Return each line of the listing exactly, though without its images.

START Source material

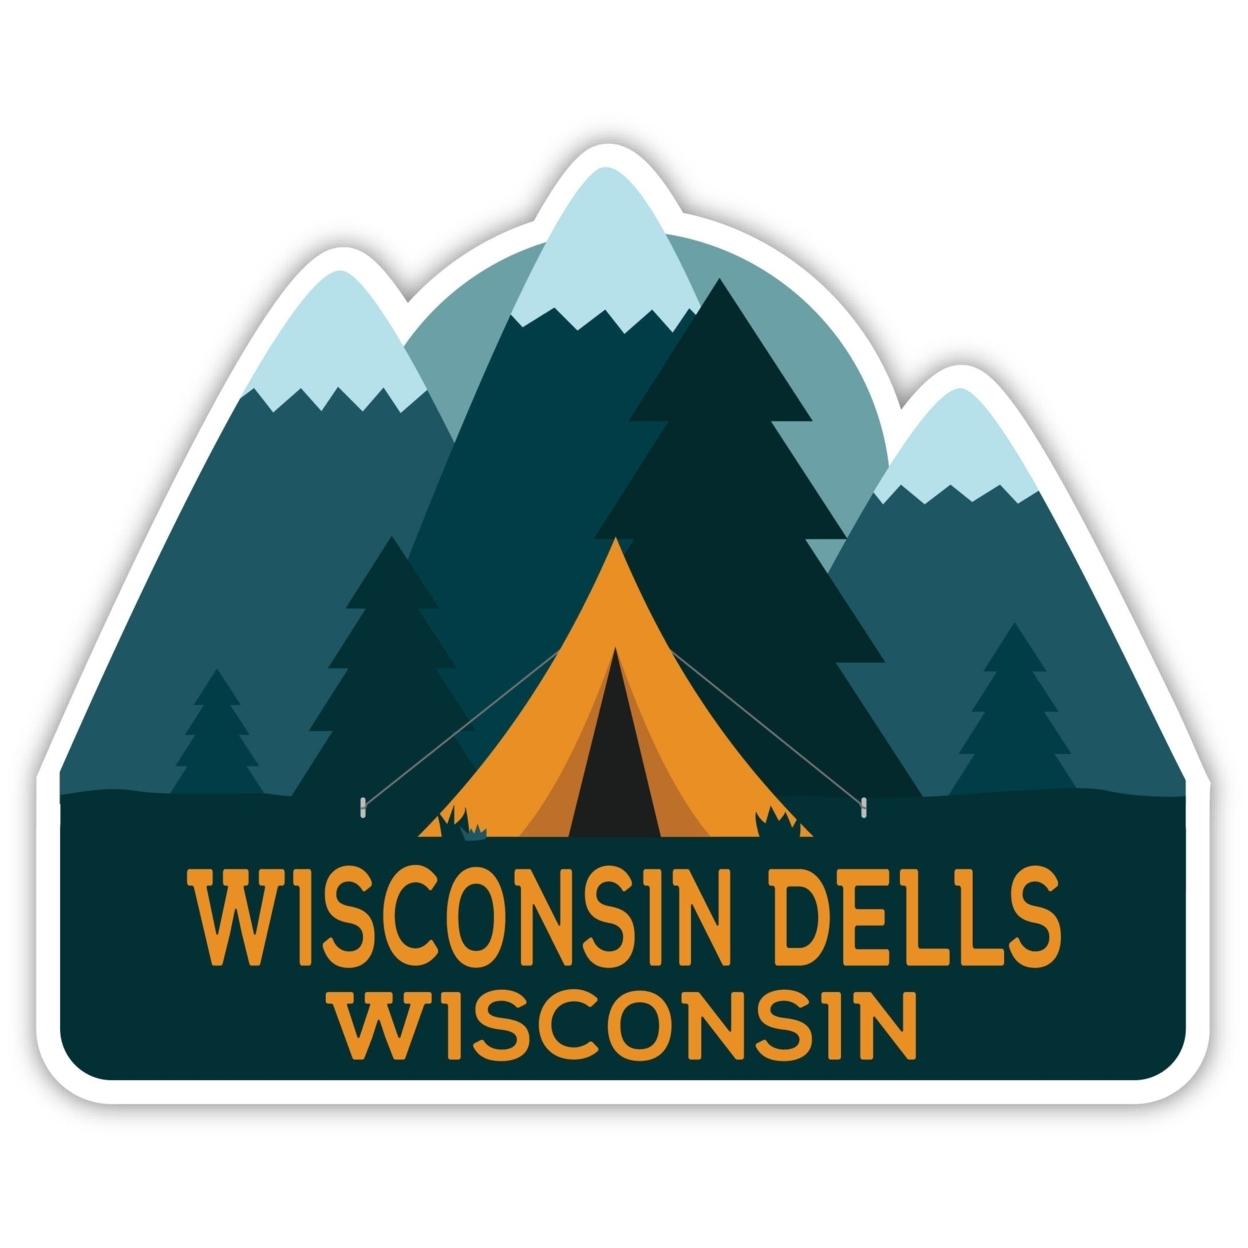 Wisconsin Dells Wisconsin Souvenir Decorative Stickers (Choose Theme And Size) - Single Unit, 2-Inch, Tent
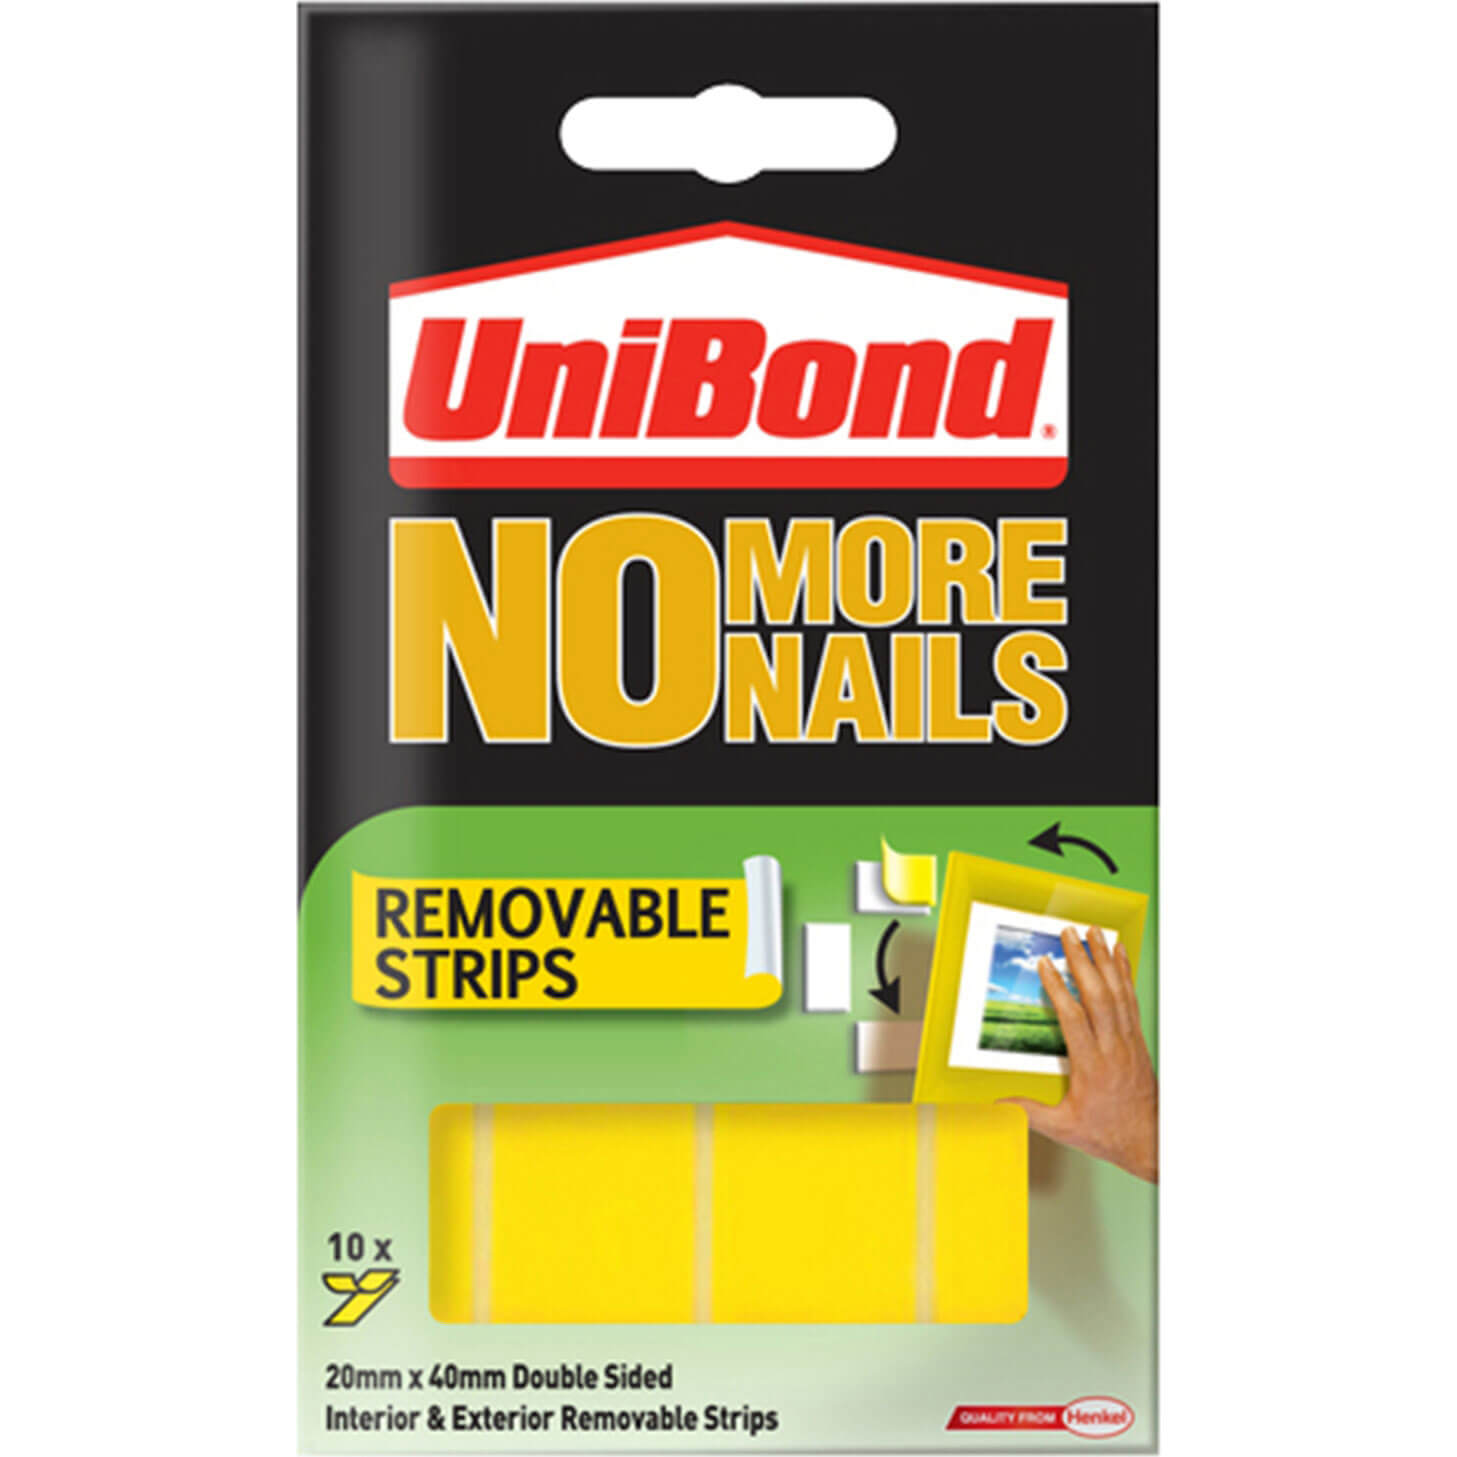 Unibond No More Nails Removable Adhesive Strips Pack of 10
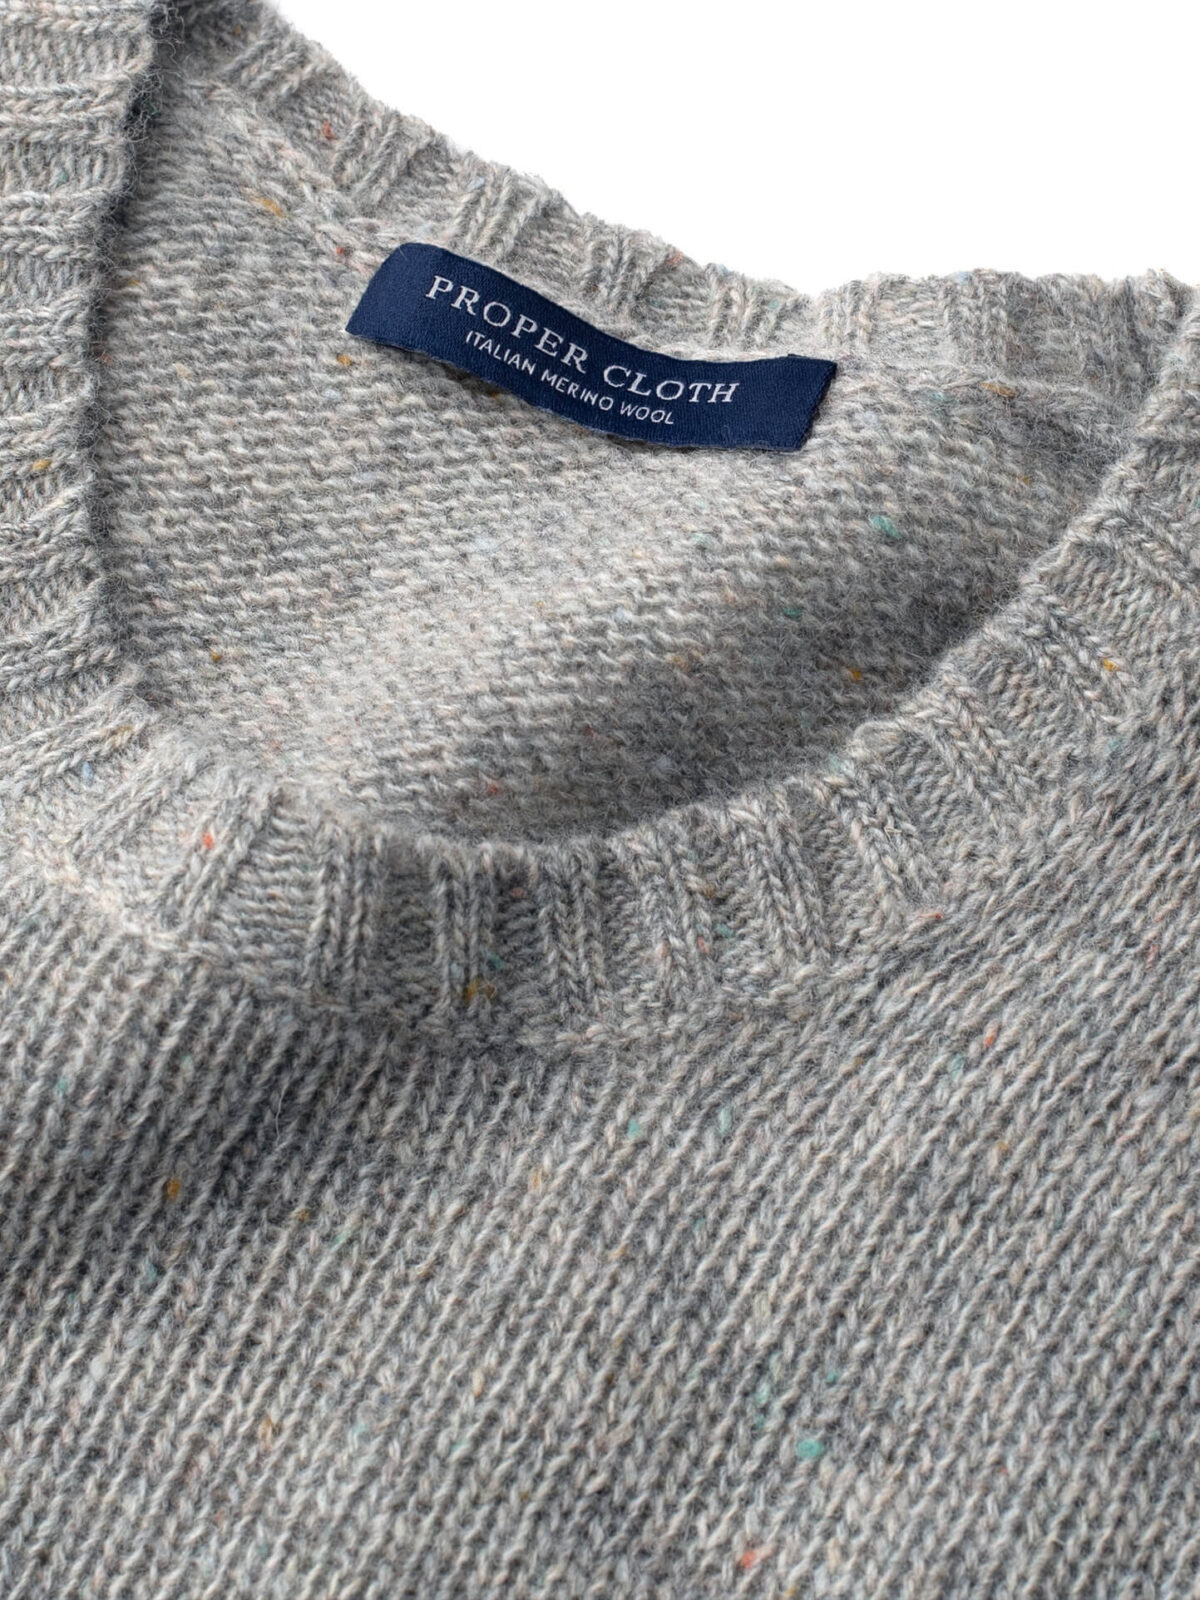 Fog Donegal Lambswool Sweater

END Source material

Finished task
 Wisconsin Dells Wisconsin Souvenir Decorative Stickers (Choose Theme And Size) - Single Unit, 2-Inch, Tent
 Unibond No More Nails Removable Adhesive Strips Pack of 10
 Fog Donegal Lambswool Sweater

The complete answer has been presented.